8.4 The restrictions contained in sub-Clauses 8.1 and 8.2 above shall be
without prejudice to performance by and shall not limit the
restrictions on Xxxx, Xxxxx Xxx under the terms of his employment
agreement entered into pursuant to this Agreement.
8.5 The Purchaser agrees to provide the Company with HK$800,000 in cash as
working capital, in accordance with the Company's reasonable expansion
needs, but in no event later than 31 March 2000.

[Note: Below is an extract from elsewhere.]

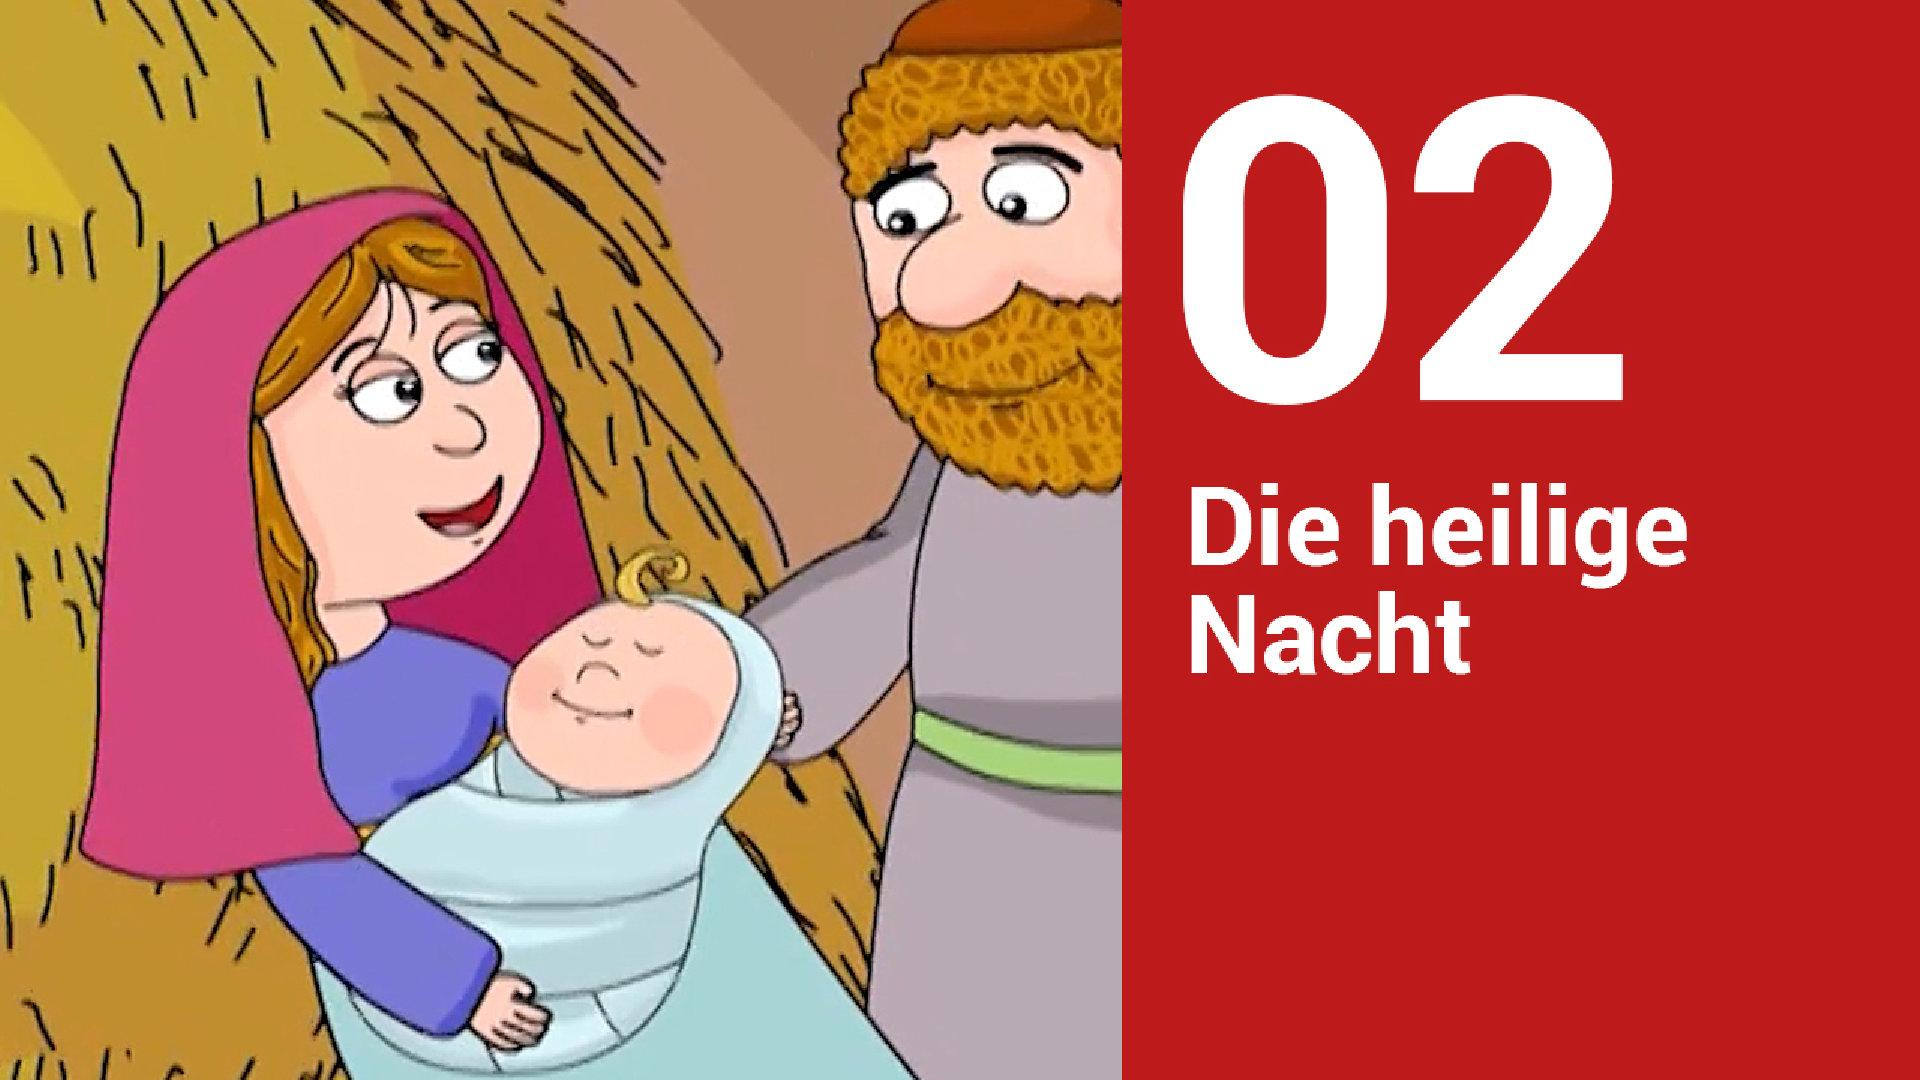 Die Weihnachtsgeschichte Für Kinder Erzählt - Katholisch.de bestimmt für Weihnachtsgeschichte Bibel Für Kindergartenkinder

8.6 In relation to the Leasing Programme for Dell computers dated 6 October
1999 entered into between the Company and Dell Computer Asia Ltd. with
financing provided by Newcourt Credit Hong Kong Limited (the "Lessor"),
the Vendors shall indemnify the Company and the Purchaser against any
and all losses, expenses, costs or damage suffered or incurred by the
Company that are directly caused by any failure to obtain the Lessor's
consent to the sale and purchase of the Sale Shares by the Vendors to
the Purchaser.
8.7 The Vendors shall indemnify the Company and the Purchaser against any
and all losses, expenses, costs or damage suffered or incurred by the
Company that are directly caused by any unauthorised or infringing use
of any computer programs or software by the Company.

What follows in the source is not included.